Newly released Cormac McCarthy archives now open at Wittliff Collections in San Marcos

Following the October publication of famed author Cormac McCarthy's book "The Passenger," the Wittliff Collections at Texas State University has opened new files containing early drafts of the novel.

"The Passenger" is McCarthy's first new book since he won the Pulitzer Prize for "The Road" in 2007, which was later made into a film in 2009 starring Viggo Mortensen and Kodi Smit-McPhee. 

The Witliff Collections acquired the McCarthy archive in 2007. The newly opened materials trace the decades-long evolution of ‘The Passenger’, including 221 heavily-corrected pages marked "Old First Draft" and 328 pages dated 1991 and 2001 identified as "Old Second Draft," along with a folder of corrected pages from 2004, according to Texas State.

NEW YORK, NY - FEBRUARY 01: Writer Cormac McCarthy attends the HBO Films & The Cinema Society screening of "Sunset Limited" after party at Porter House on February 1, 2011 in New York City. (Photo by Andrew H. Walker/WireImage)

"You can see McCarthy’s early vision, which he later refined and expanded as he completed the novel," said literary curator Steve Davis. "McCarthy worked on ‘The Passenger’ for at least 30 years, and we were obligated to keep the papers sealed until his book was finished and published. We are delighted that we can now share those manuscripts with the rest of the world."

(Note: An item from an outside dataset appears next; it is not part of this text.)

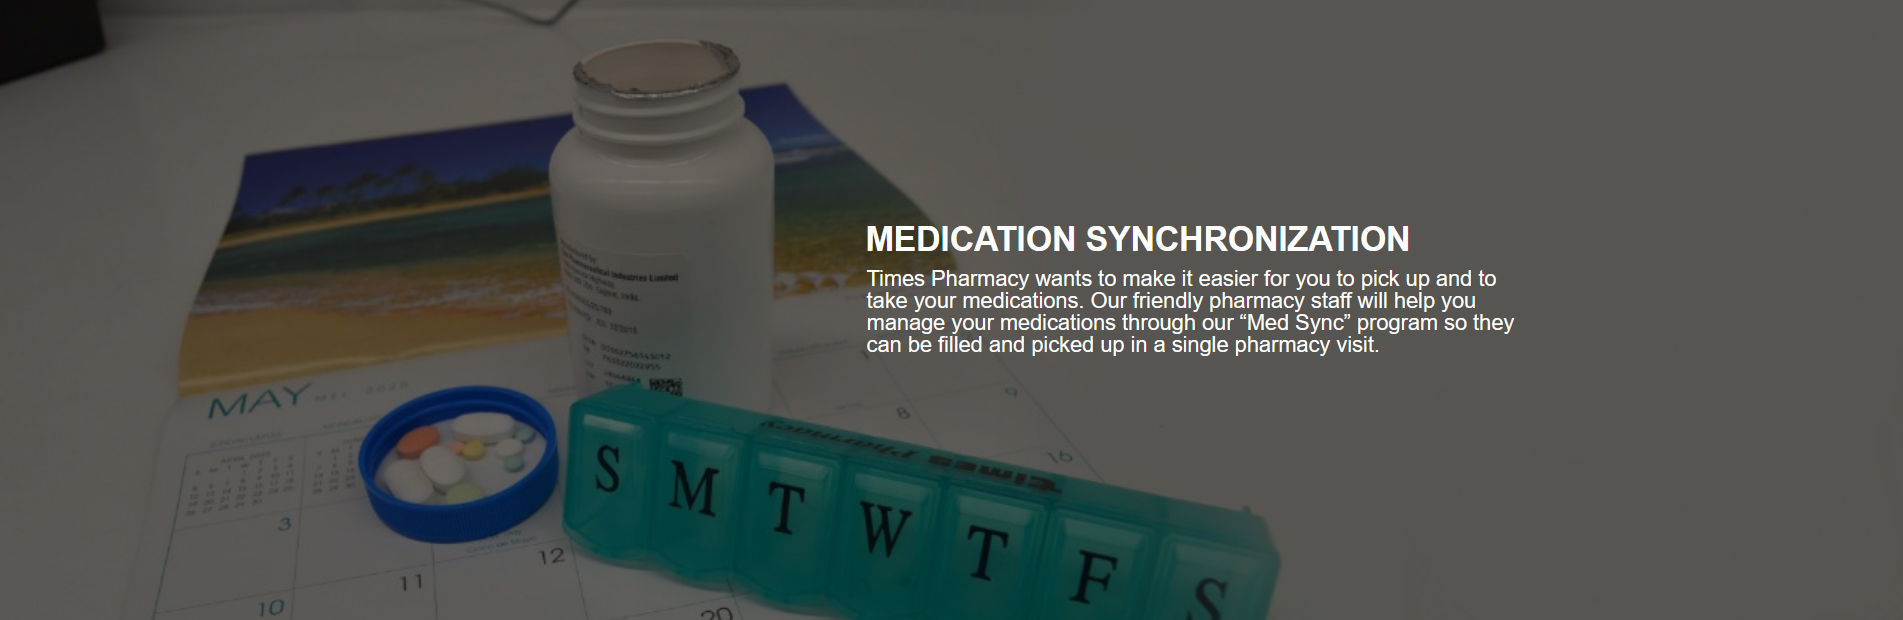 Medication Synchronization

The university says there is already a waiting list for access to the archive. The first scholar, Michael Crews, chair of the Department of Humanities at Regent University, Virginia, arrived the very day "The Passenger" hit bookstores. Crews had earlier made extensive use of the McCarthy archive in writing an acclaimed study, "Books Are Made Out of Books: A Guide to Cormac McCarthy’s Literary Influences".

McCarthy has penned a dozen novels including "No Country for Old Men," "All the Pretty Horses," and "Blood Meridian," as well as two plays, five screenplays and three short stories. Since his archive opened to the public in 2009, scholars from around the world have traveled to The Wittliff to study his correspondence and writing processes, says the university. 

The McCarthy Papers contain almost 100 boxes and include research, notes, handwritten and typed drafts, correspondence and other materials documenting the author's almost 60-year career. A Guide to the Cormac McCarthy Papers, 1964-2007, can be accessed online.

The Wittliff Collections are on the seventh floor of the Alkek Library at Texas State in San Marcos.